SANGER — Several city manhole covers are in need of repair or replacement, according to a state environmental investigator who made an unannounced visit to Sanger on Thursday.
Karen Smith, Texas Commission on Environmental Quality investigator, also documented evidence of ongoing sewer overflow from a manhole into a pasture and creek adjacent to Lois Road near the Walmart Distribution Center.
The TCEQ received a complaint on Wednesday that alleged the sewer overflow.
This is the fifth wastewater violation in the last seven years for Sanger.
The last citation was issued in March 2012. Last spring, the state cited the city for failure to prevent unauthorized discharge of wastewater.
A Sanger resident reported that wastewater spillage on her land after heavy rains in a short timeframe caused sewage overflow.
According to the report, the city replaced manhole covers and bolted them down to prevent future overflowing.
But the threat of overflow remains until upgrades are made to the city’s infrastructure, City Manager Mike Brice said.
Brice said the city has infiltration issues and that another problem is that the drainage system overloads and causes spillage when there is heavy rainfall.
Last week, Smith found evidence of a manhole overflow in an area soaked with water, and she reported that there were “several deteriorating manholes along the same main sewer line.”
During the onsite visit, no active overflow was observed but rags and debris from a recent overflow were observed near the manhole area.
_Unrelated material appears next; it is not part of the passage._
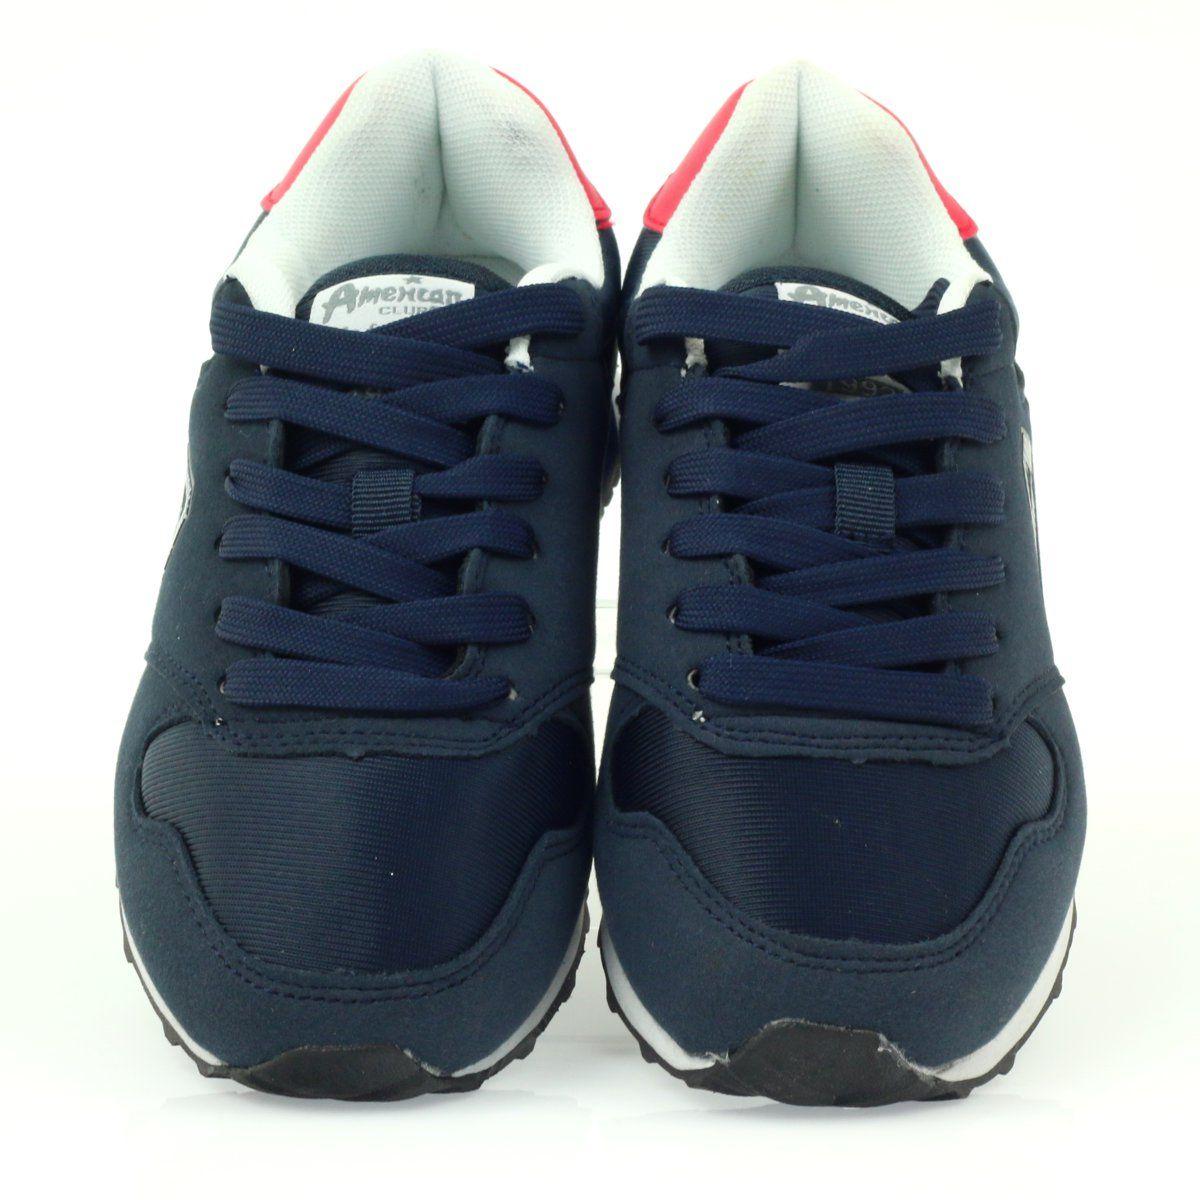 American Club American Adi Sports Shoes For Children 1757 Kid Shoes Sports Shoes Club Shoes

“The investigation is ongoing and the investigation findings will be documented in the investigation report, estimated to be completed next month,” TCEQ spokesman Terry Clawson said.
The city will receive a notice of violation, which is a written warning.
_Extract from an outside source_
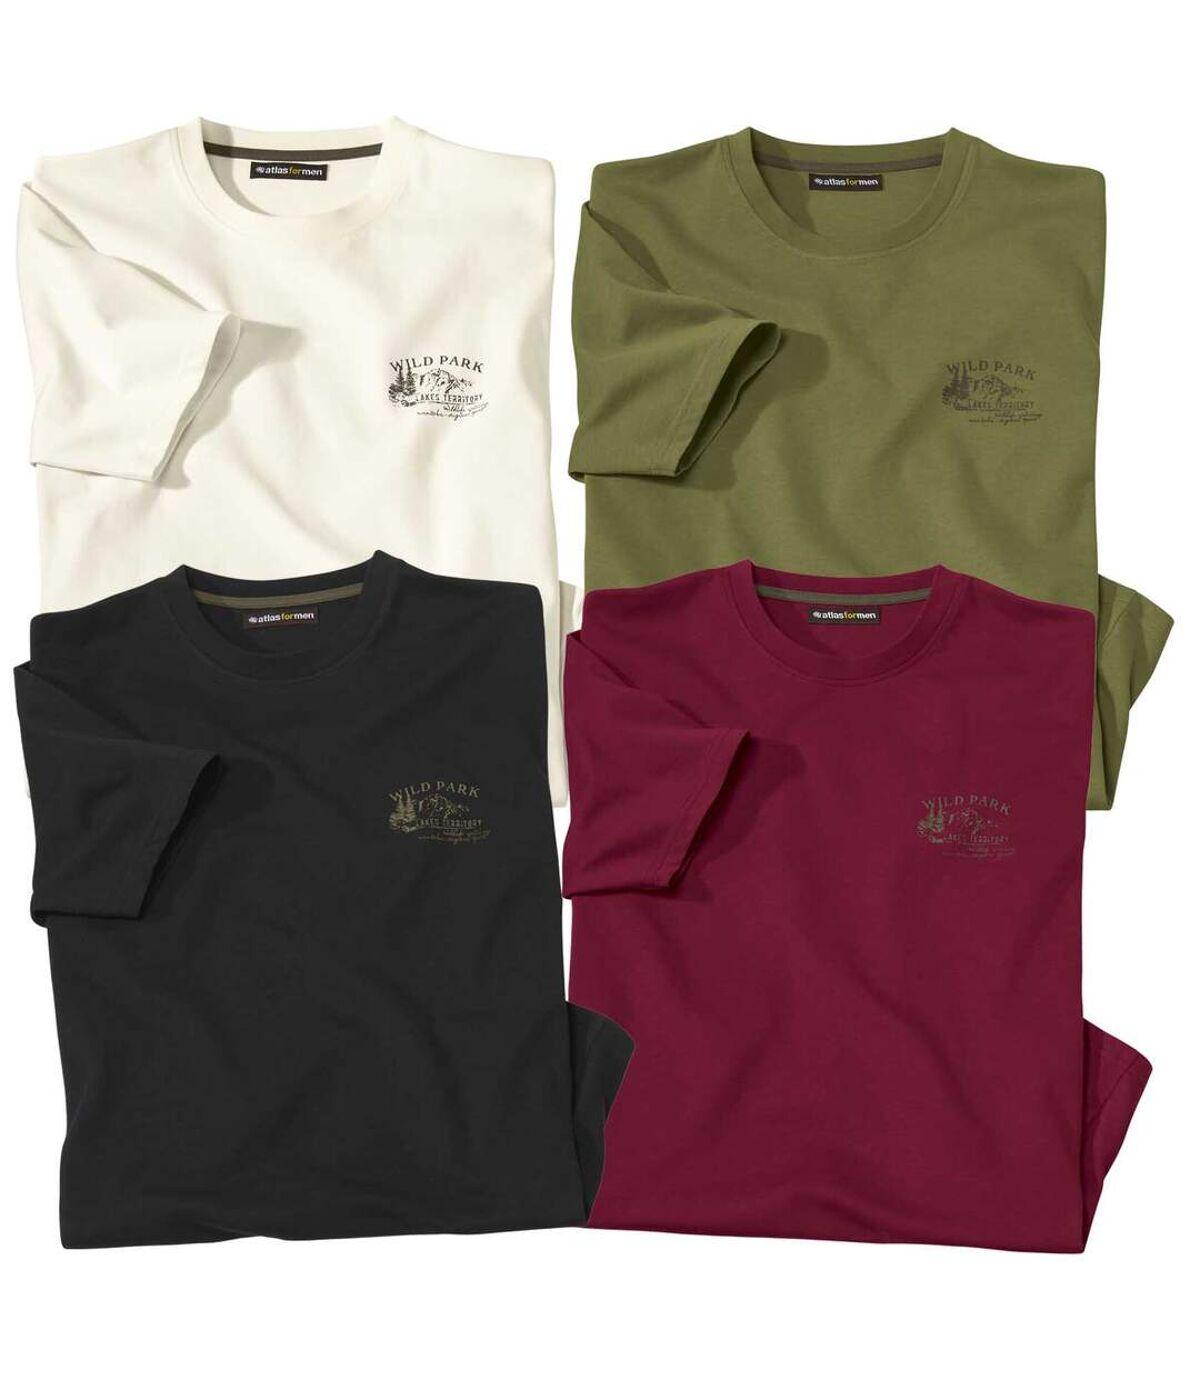 4er-Pack Casual-T-Shirts Atlas For Men

Once received, the city will have a fixed amount time to meet compliance. State officials have not determined how long Sanger will have to meet compliance as of Monday afternoon.
If the city fails to correct the violations in time, the TCEQ may then take enforcement action against the city.
Officials say the city’s greatest and most expensive need — to correct the sewer issues — is a new wastewater treatment plant. The cost of a new plant is estimated at $25 million, which would be financed over a 20- to 40-year period.
Brice said Sanger is still several years away from beginning construction on the plant, which will force the city to incur debt.
City officials are scheduled to conduct a wastewater survey this spring or summer to identify temporary fixes to the overflow problem until a new wastewater plant is constructed.
The city received a $316,000 community development block grant to replace and install a larger trunk line into the sewer plant.
The line serves the older part of town and is a source of much of the rainwater infiltration. The line is expected to be replaced during 2013-14, Brice said.
“This will buy us more time before we have to build a new treatment plant,” he said.